Камера наша была небольшая, а находилось в ней 22—23 человека. Все не могли сразу лечь спать, поэтому отдыхали по очереди. В этой клетке я просидел до суда — 1 ноября 1939 года.
...Условия содержания были ужасные. За все время меня только два раза водили на прогулку, в баню не водили, бриться не разрешали. На допросы вызывали раза два-три в неделю и только ночью. Причем все было настолько засекречено, что конвойные, когда открывали окошко, называли только начальную букву фамилии и, если требовалось, имя или отчество.
При допросах меня подвергали изощренным пыткам и издевательствам. Допрашивали ночью при синем свете лампочки сразу человек пять следователей. Задавали одни и те же два вопроса: сколько денег получил от польской разведки и какое задание должен был выполнить. Я, конечно, сразу говорил как было, убеждал, что никакой я не шпион. Но потом под воздействием пыток я вынужден был себя оговаривать и подписывал все, что мне предлагали. Что конкретно мне вменялось в вину, сейчас уже точно не помню, следователи писали все, что хотели.
1 ноября 1939 года меня судил Военный трибунал. Фамилий судей не помню, адвоката не было. Помню, правда, что дело рассматривалось при Государственном обвинителе Тарасенко. Свидетелей никаких на суд не вызывали. Меня приговорили к 15 годам лишения свободы. Отбыл в лагере только два года, освобожден был по амнистии в результате договора между СССР и эмигрантским польским правительством. В 1944 году ушел в армию, воевал, получил солдатскую медаль «За отвагу» и несколько медалей за освобождение городов.
Вместе со мной в камере сидел Бессараб Матвей Иванович, он родом из Новогрудского района. Остался жив, я его встречал после войны, проживает где-то в Москве. А вот Якимович Серафим Григорьевич из Гродненского района уцелел ли, не знаю. Сидели с нами два польских пограничника, они тоже перешли границу. Одного фамилию я запомнил — Ермашевич из Брестской области.
Были два латыша, но фамилий их я не помню, и один румын, который от допросов «свихнулся». А так в основном в камере были все западные белорусы, все молодые мужчины.
Мы знали такое правило: если конвойный говорит собираться с вещами, значит, этот человек к нам в камеру уже больше не вернется. Среди заключенных шли тогда разговоры, что тех, кто выходил «с вещами», увозили на расстрел в Зеленый Луг. Конкретное место казней я не знаю.
Иван Тарасович Киричук, 1917 года рождения, пенсионер:
— Мы решили уйти в Советскую Россию, потому что надеялись на лучшую жизнь. Вместе со мной переходили границу Ковальчук Никита Варфоломеевич, Киричук Николай Изосимович и Силивончик Максим Фомич, а также Залещук Степан и парень по имени Иван, фамилию его я не знаю. Все они были старше меня, уже служили в армии, а меня должны были призвать осенью.

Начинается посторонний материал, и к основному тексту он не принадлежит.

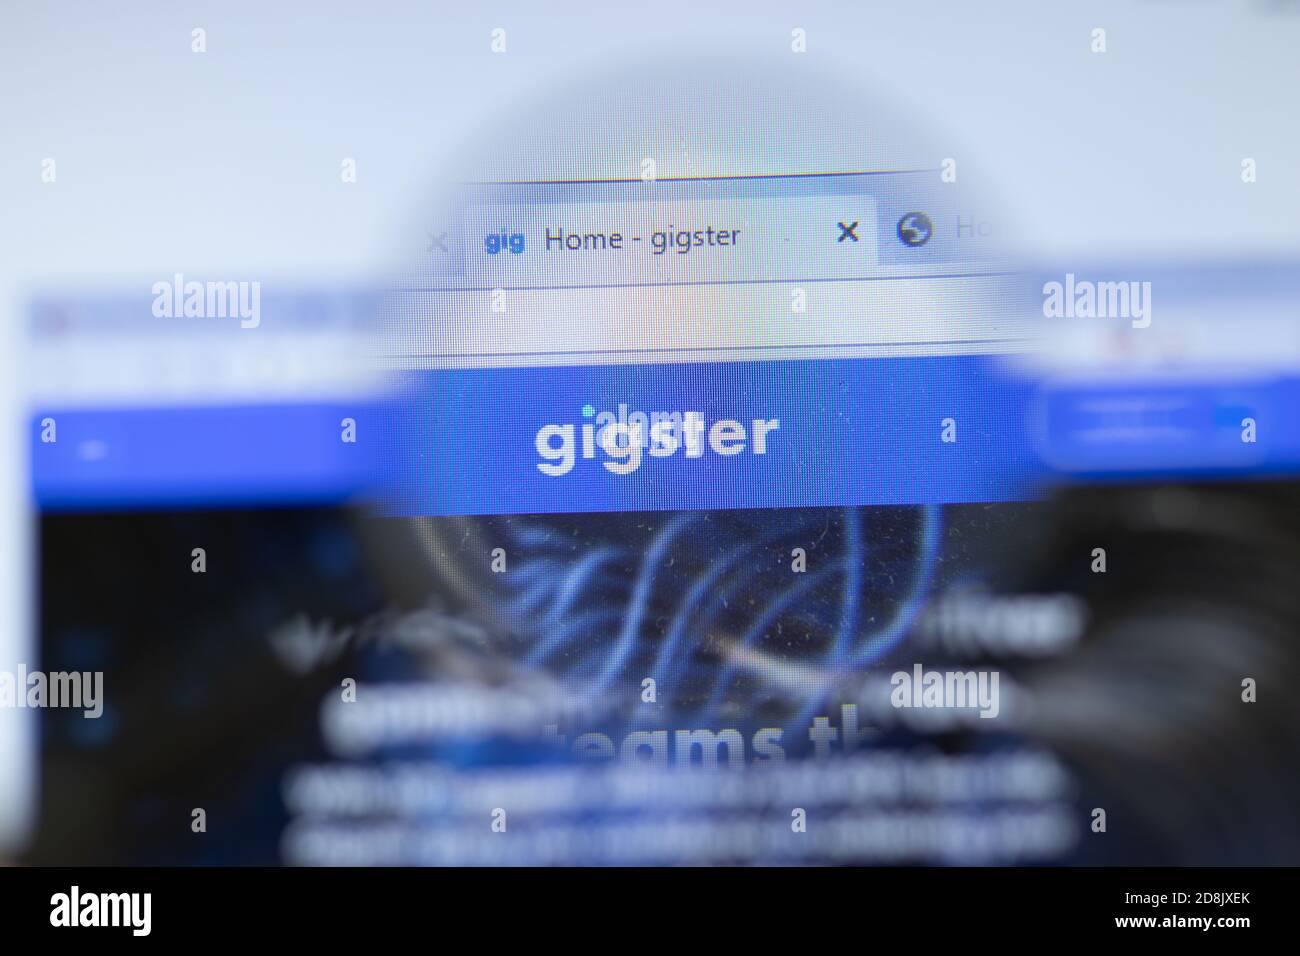 New York, USA - 26 October 2020: gigster company website with logo close up, Illustrative Editorial Stock Photo

...Следователь взял ножку стула и стал неистово бить меня по ступням ног. Боль была нестерпимая, и я потерял сознание. Очнулся в коридоре: возле меня стояли два солдата, и один из них говорил: «Думали, что он мертв, а он еще живой». Меня бросили в камеру, а через дней десять снова вызвали на допрос. Следователь дал мне чистый лист бумаги, который я подписал с двух сторон внизу. Он сказал, что сам напишет мои показания.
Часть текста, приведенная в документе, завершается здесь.